If there's any through-line to the nonsense I wrote about on this blog, it's probably, "plan before you write."  If I'm not dispensing unsolicited (and frankly, unsubstantiated) advice about coming up with an outline, then I'm complaining that I've run into a brick wall because I can't figure out my story outline.  And if I'm not complaining that I've got problems, then I'm complaining that a movie or a book I've read has problems because they didn't come up with an outline.

So, um, I've started writing a new book without an outline.  Hmm.

For fear of spoiling the few unique twists I'm bringing to the plot, I won't describe it in too much detail just yet.  I'll just say that it's a horror/comedy about an apparent abduction that leaves the protagonist stranded in a hostile environment.  A bit of science-fiction in there, too.  Maybe if it turns into a tangible book I'll post more about it.

Starting this while I'm already past due on other projects is par for the course.  I've got like three irons in the fire, each of which has a substantial amount of work put into them and needs my attention before the summer's over.  And what do I do?  I go start something else.  But no, not just something else - something with no plan whatsoever.

I wish I could explain why I do this.

I wonder if it's a problem all creative types have.  Like, are there sculptors out there who start working on some new piece, and in their head they're like, "This is going to be a representation of poverty," but while the clay is still wet they stop and go, "Huh, what if I did a representation of the obesity epidemic instead?" and then they just push what they're working on into a corner?  Are there filmmakers out there who shoot three hours of footage for a short they're working on, and then halfway through they go, "Y'know what, that creepy warehouse over there looks fun.  I'll come back to this comedy after I make a horror."

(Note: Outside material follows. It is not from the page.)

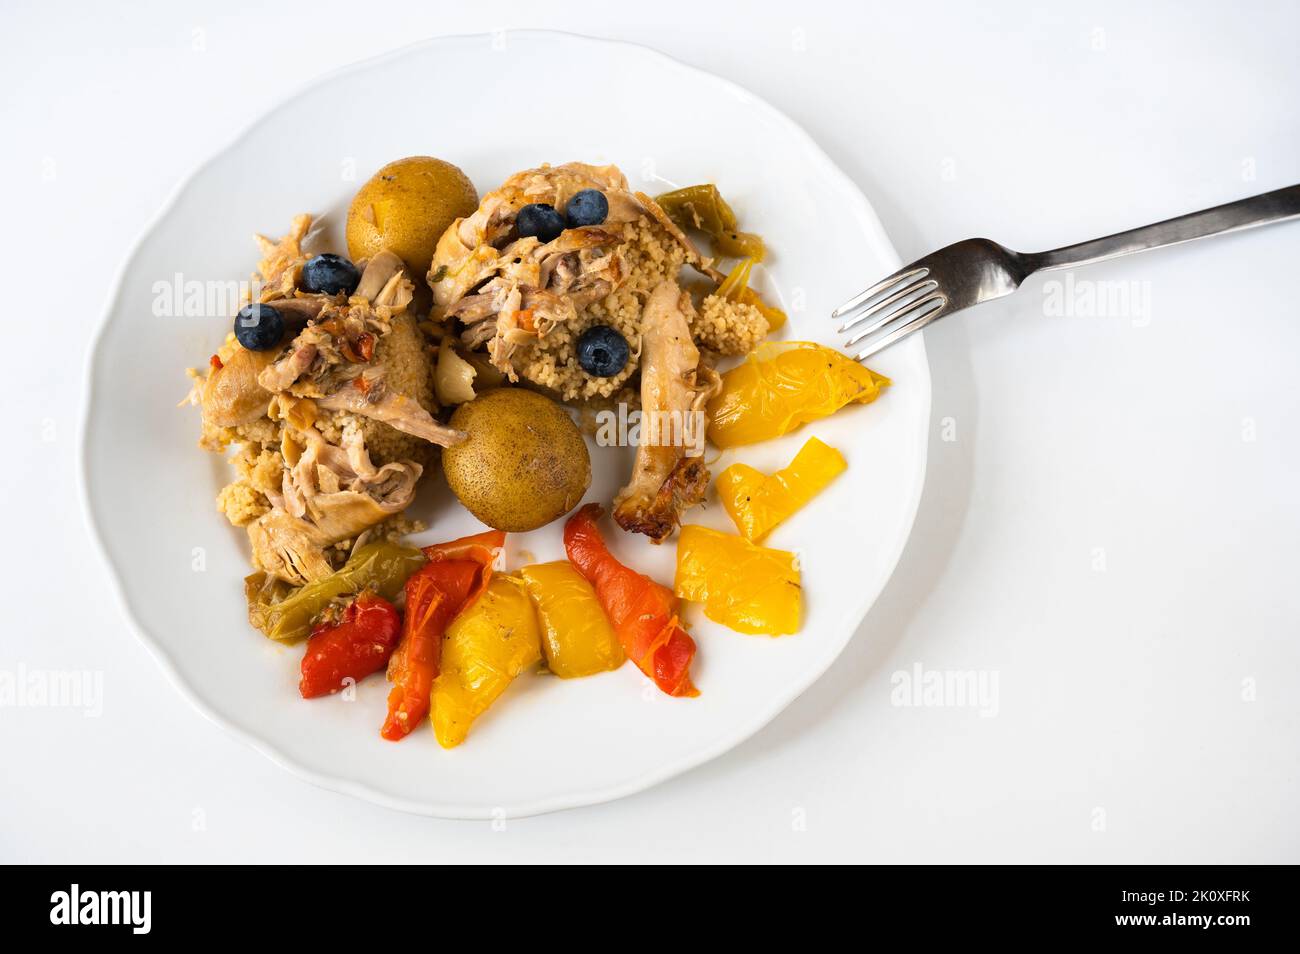 Baked piece of hen meat on couscous, potato, baked multicoloured paprika and blueberry on white plate, fork on white background, closeup. Serving size Stock Photo
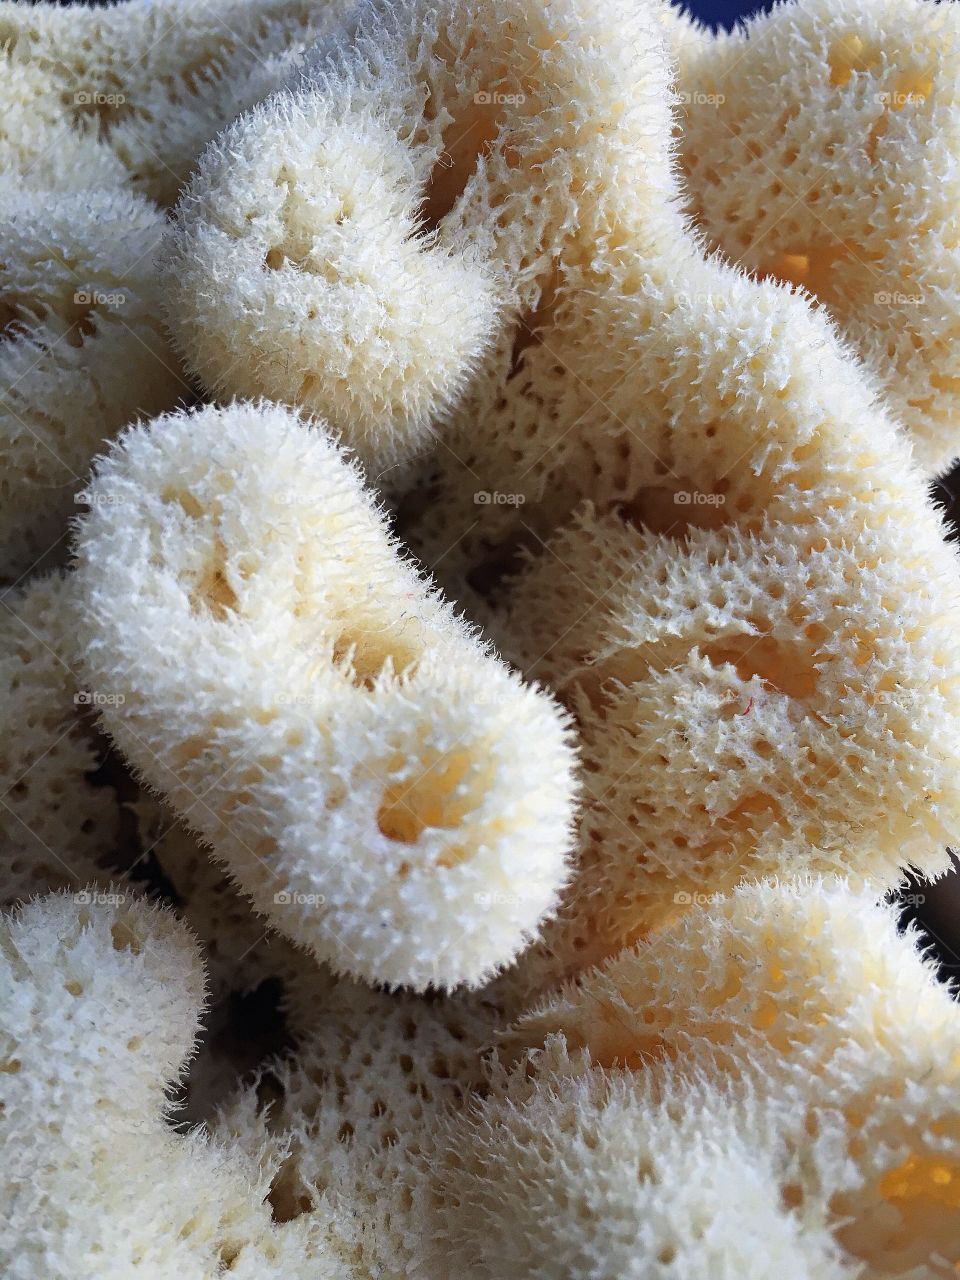 Sponge. An incredible sea creature, with an amazing architecture. Too fascinating to just be used for a bath...

The grief I have is so much worse specifically because I don't have a plan for the new book.  It would be one thing if I project hopped to something that I'd already thought out really well and is halfway complete already.  At least then I'd have a clear vision of where I'm going.

But, no.  This is just a premise I've had in the back of my head for about three or four years and out of the blue I said, "Huh, that might be fun.  Let's play with that."

I have to be honest - not having a grand vision or a plan ahead of time does add an element of fun to it.  There is a part of me that's thrilled by the exploration aspect, that sense of wonder and mystery.  Where's my story going?  Oooh, who knows!  It's exciting!  Weeeeeeeeee!

And I'll be thrilled by that right until I run headfirst into a wall and wonder how to get myself out of the hole I dug.  Sigh.

At least I'm having fun for now.  I'll be back in about three months for the lamentations.